Although I have concentrated on neuropsychological outcomes, the surviving preterm child is at risk of a range of other deficits ranging from motor difficulties (clumsiness),11 visual impairments (an excess of squints, refractive errors, stereo vision, and contrast sensitivity),53 growth disorders,54–56 and respiratory problems.47 The contribution of these problems to behavioural and cognitive disorders is difficult to determine, although often they coexist. Similarly the influence of perinatal illness, excluding brain injuries, on later outcomes is very difficult to assess. Studies of children with chronic lung disease, for example, have obtained conflicting findings in terms of later neurocognitive outcomes. It is unlikely that, once other population differences such as gestation and brain imaging results have been accounted for, neonatal respiratory disease significantly influences later psychological outcomes. The role of postnatal steroids in long term disability has received much attention. Early use of steroids, often in long courses, is associated with considerable neurodisability.58 The results of studies into shorter courses, started later and at lower doses, are still not convincing either way, and further research is required before their use is completely abandoned.
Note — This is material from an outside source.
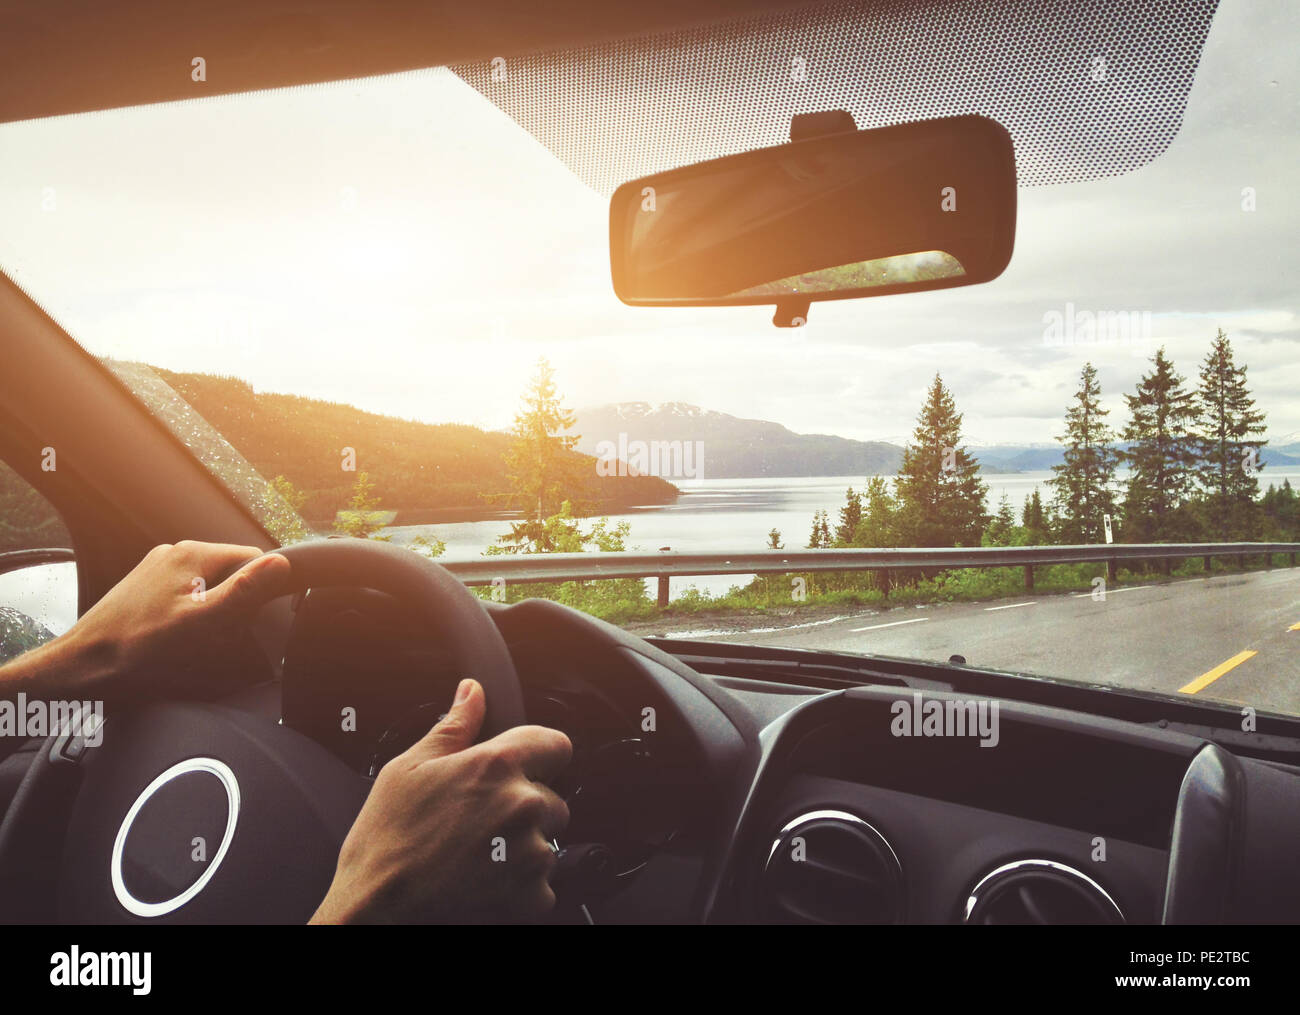 driving car in Norway, roadtrip, hands of driver on steering wheel Stock Photo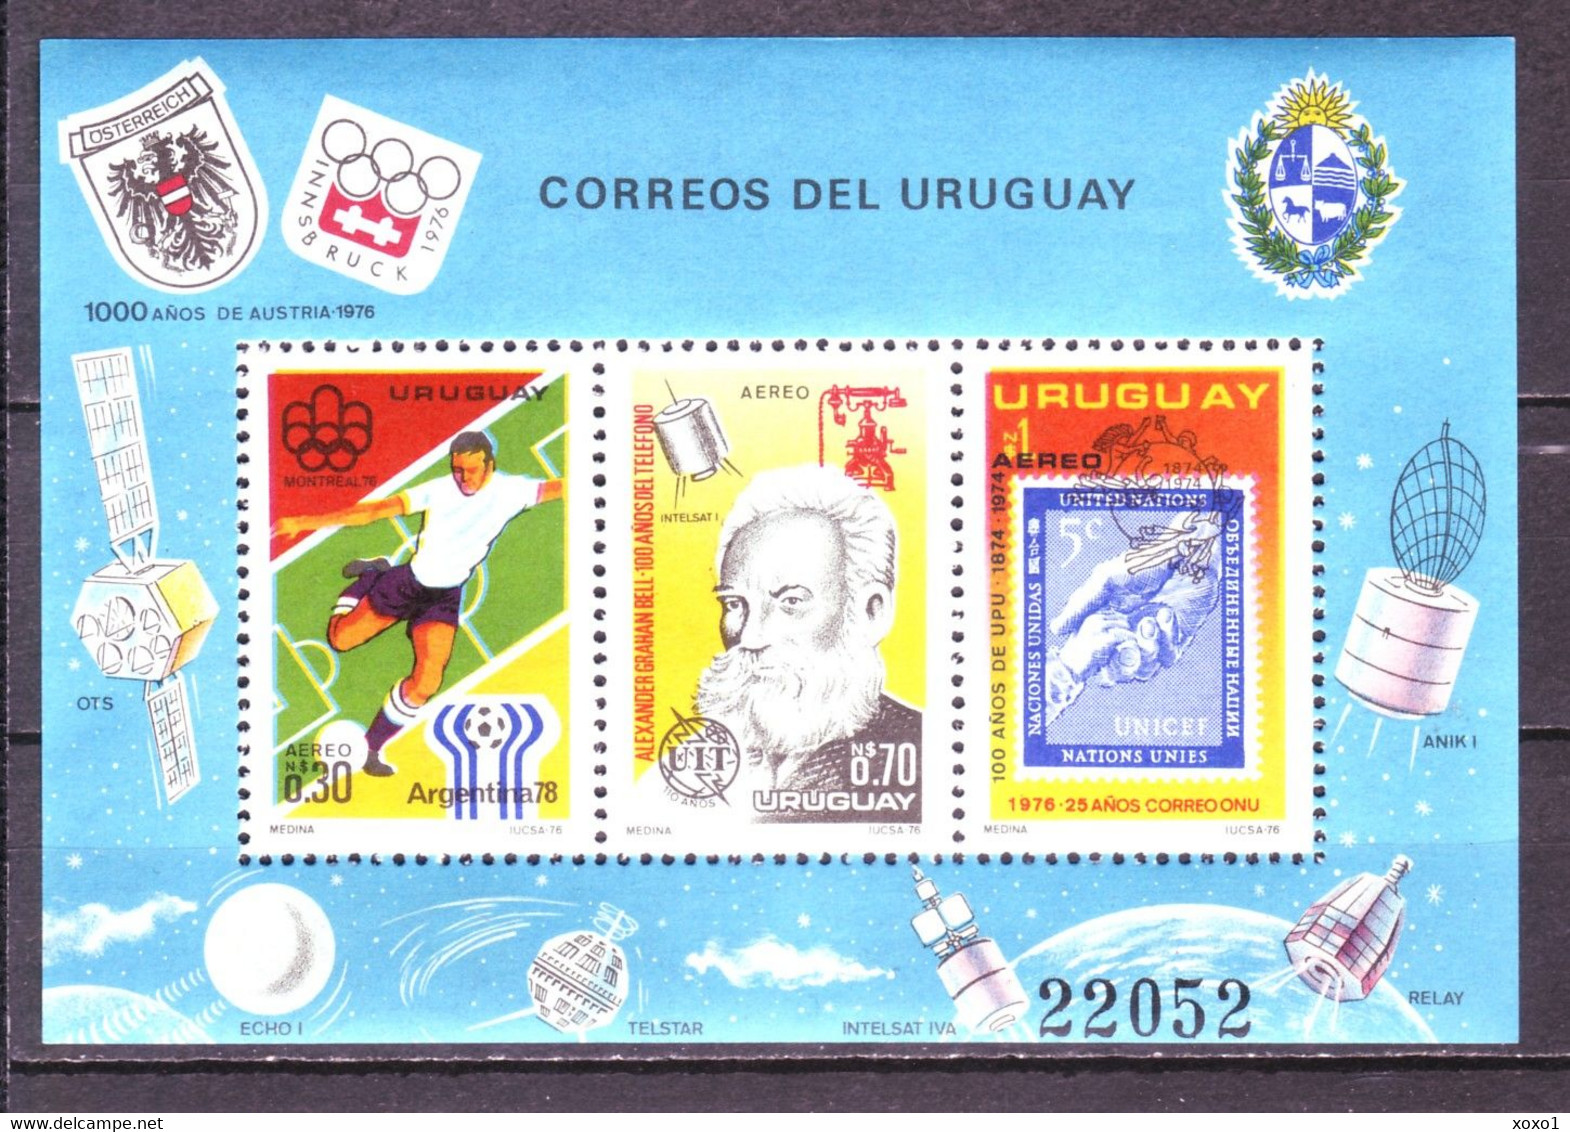 Uruguay 1976 MiNr. 1406 - 1408 (Block 29) Sport Olympic Games Space Soccer Stamps On Stamps UIT UPU 1 S\sh MNH** 55,00 € - Ete 1976: Montréal

In a study of functional outcomes in 10–14 year old children from Cleveland in the United States, 86% of the group of < 750 g birth weight were found to have some functional limitation (growth disorders (49%), mental or emotional problems (58%), restrictions on physical activity (32%), and visual impairment (31%)), 75% used aids such as medication or spectacles, and 66% accessed non-routine services.59 In contrast, in a study from Hamilton Ontario, the health related quality of life of extremely low birthweight children was considerably better than expected; although the scores were significantly lower than for term peers, the proportion scoring in the normal range (> 0.95) was similar in both groups.60

Hack and colleagues1 have also reported adult outcomes for a VLBW cohort. In my view, this should be mandatory reading for all involved in the care of preterm infants, as it sets the outcome in terms of actual integration into society. Although it is clear that the risks of the conditions described above do not disappear during adolescence, the differences from term children do not increase, and a large proportion have academic achievements at least equivalent to their peers. Although fewer go on to higher education, the VLBW population are less likely to engage in risk taking behaviour, suggesting that their social integration is not substantially impaired, contradicting the predictions from older studies of sociopathic behaviour.61


Care after discharge is a critical part of the neonatal intensive care service, for a range of reasons. As neonatologists, we have a duty to examine the outcome of children managed within our practice. Only by having first hand knowledge of these outcomes can we be properly informed when we approach parents for counselling. Benchmarked data allow us to consider our performance relative to other services and to our own over time (figs 1 and 3 respectively). There is a need to provide continuity and support for parents, who are known to be less securely attached to their VLBW child and for whom informed support for health decisions such as immunisation and feeding practices is invaluable. Most important of all, the early identification of disability and impairment in the child is vital. This is best accomplished by the neonatologist until the risk of the child developing severe disability is past. Then stage managed transfer to community supervision is necessary to ensure that the very preterm child is supported in the important preschool years and into early school life. Careful developmental assessment and early intervention for evolving impairments by a doctor aware of the potential sequelae of prematurity are critical to optimal development for the individual child.